In the case of Hitchcock and Fitch v. Aickin, (1 Caines, 460,) this court went no further than to decide the general principle, that a judgment of another state was not conclusive, but was to be placed upon the footing of a foreign judgment under the English law. The question then is, how far, and to what extent, do the English courts permit foreign judgments to be opened, to let in a re-examination of the merits.
The case of Sinclair v. Fraser, contains the rule of the English courts. It was decided by the House of Lords, on the 4th of March, 1771, upon an appeal from the Court of Sessions in Scotland. (Cited by Mr. Wedderburne, the solicitorgeneral, in the case of the Duchess of Kingston, 11 State Tr. 222.) A suit was brought upon a judgment in Jamaica; and the question was, what should be the effect of the judgment; and the Court of Sessions refused to give any effect to it, and held the party bound to prove the ground, the nature and the extent of his demand. But upon appeal to the House of Lords, the judgment of the Court of Sessions was reversed, and the rule of law was stated in the judgment of reversal; "that the judgment of the court of Jamaica ought to be received, as evidence, prima facie, of the debt; and that it lies on the defendant to impeach the justice of it, or to show that it was irregularly and unduly obtained." This decision was cited in Galbraith v. Neville, (K. B. 25 Geo. III. Doug. Rep. 3d edit. p. 5. note,) and Mr. Justice Buller said, that it had always been considered as establishing the true rule.

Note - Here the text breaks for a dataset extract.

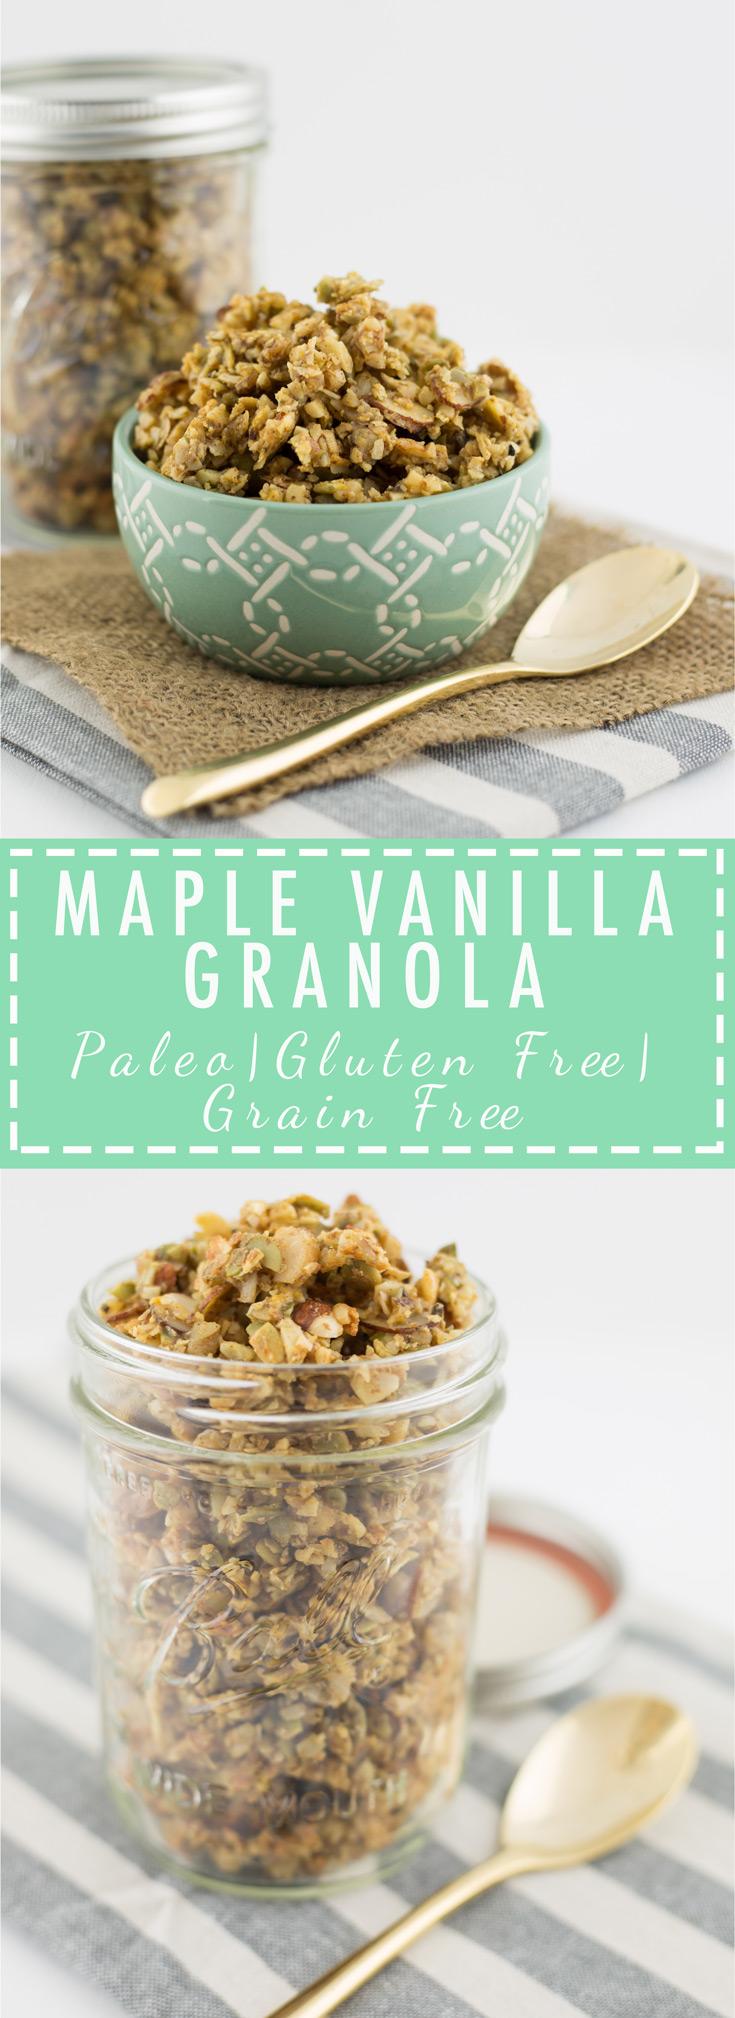 Maple vanilla granola, paleo, primal, gluten free, grain free, dairy free, homemade granola recipe, healthy foods
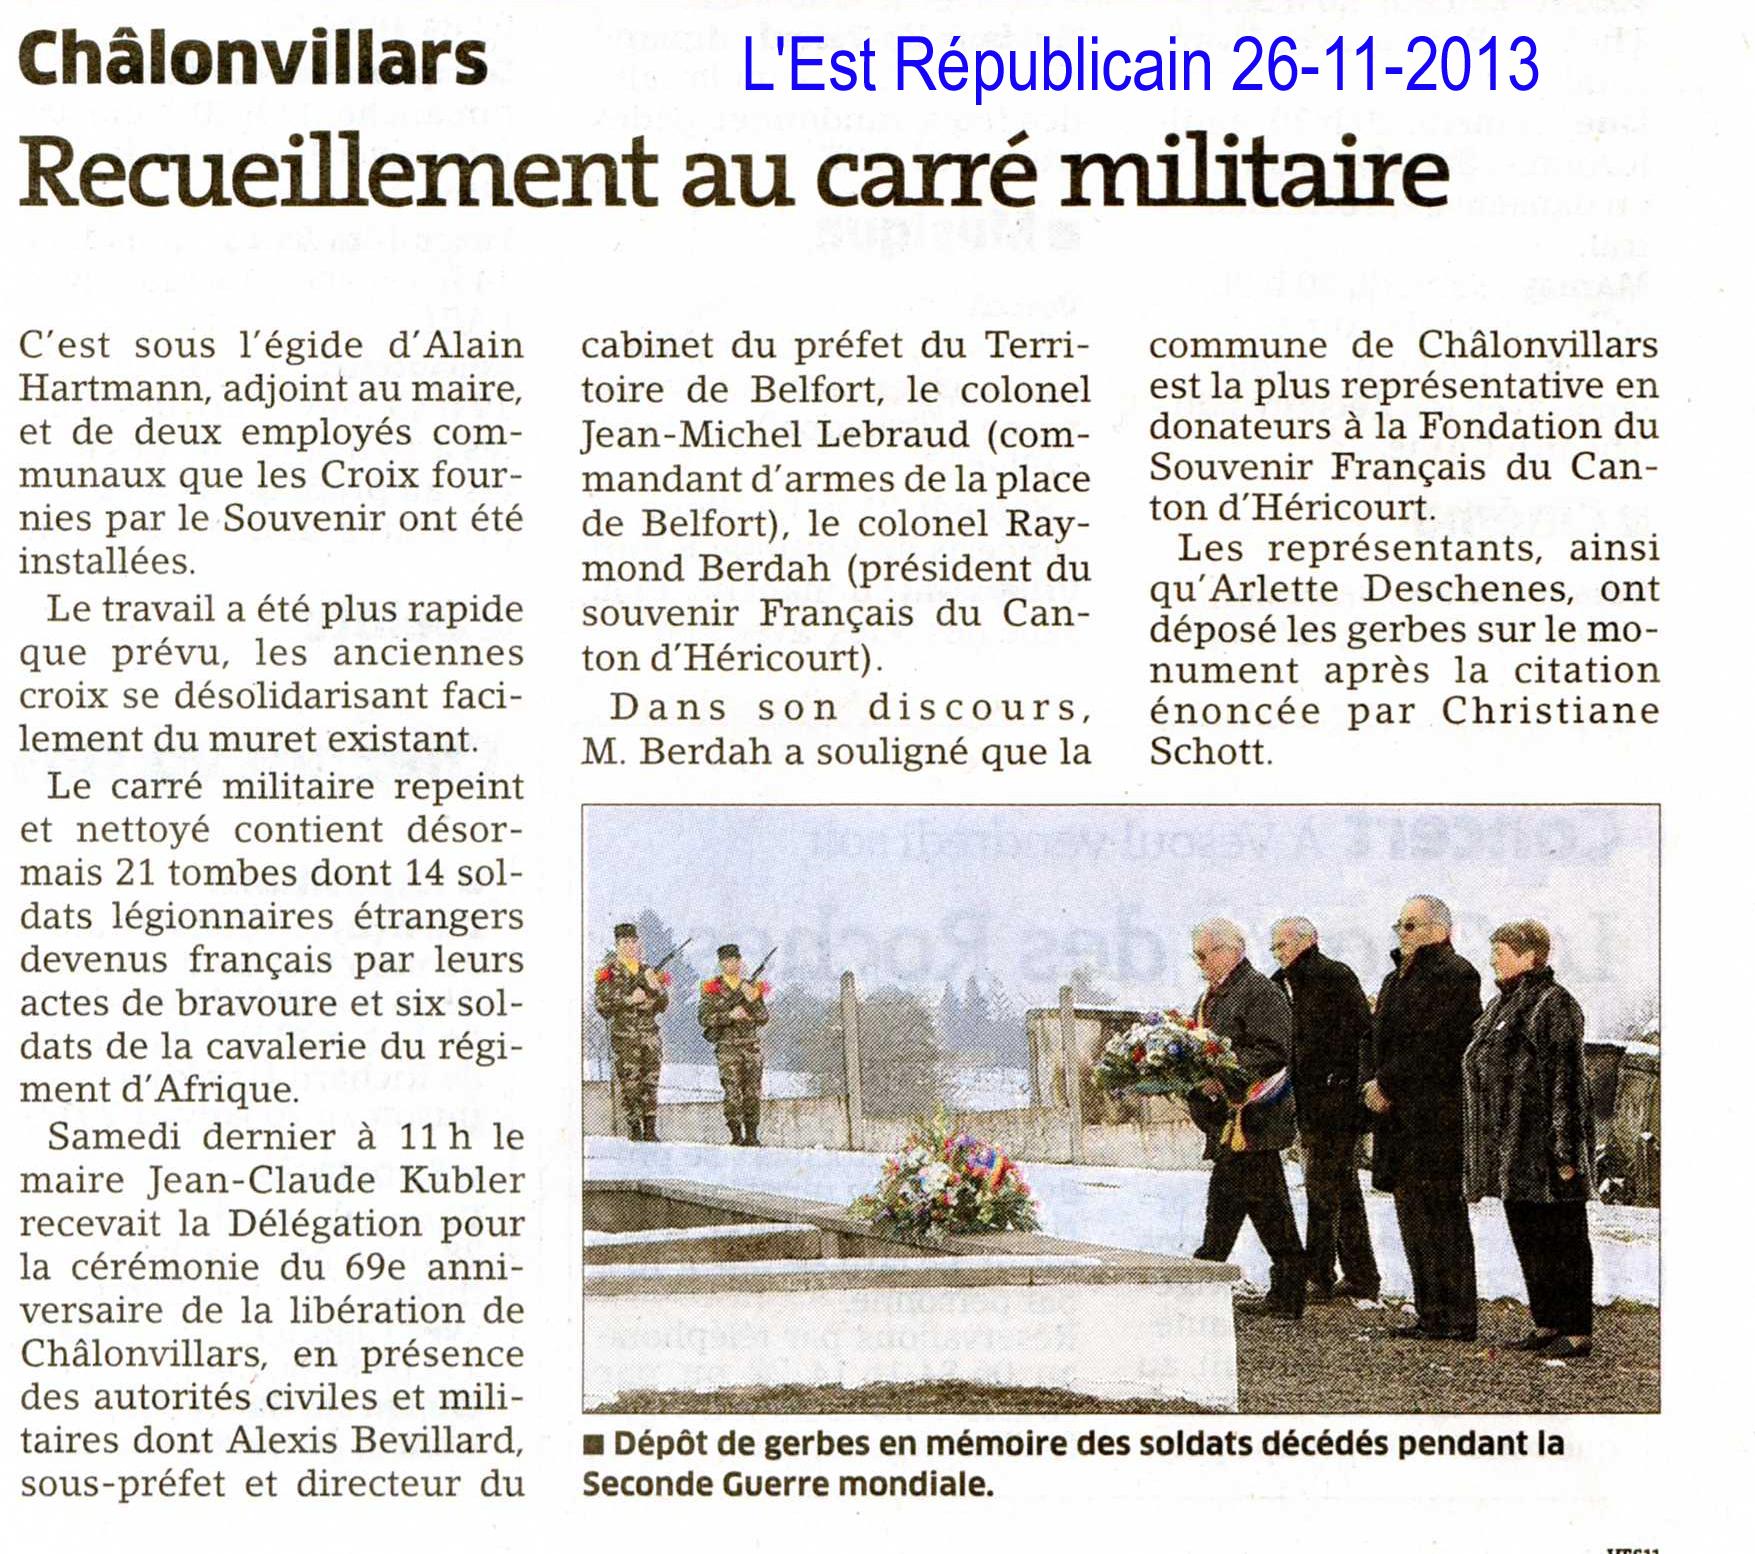 2013 11 26 l est republicain liberation chalonvillars

In the present case, the defendant has certainly not succeeded in impeaching the judgment. He has, at most, only excited doubts, under the obscure, and, perhaps, very imperfect testimony before us, as to the fact of due diligence in giving notice of the protest for non-payment. And when the party has once litigated his case, before a competent jurisdiction, and when no fraud or unfairness is pretended, every doubt and every presumption arising on a matter in pais ought to be turned against him. We may, with propriety, adopt the observation of Lord Kenyon, in the case of Galbraith v. Neville, as stated in a note to 5 East, 475, that "without entering into the question how far a foreign judgment was impeachable, it was, at all events, clear, that it was prima facie evidence of the debt, and that no evidence had been adduced to impeach this." The motion on the part of the defendant, for a new trial, is therefore denied.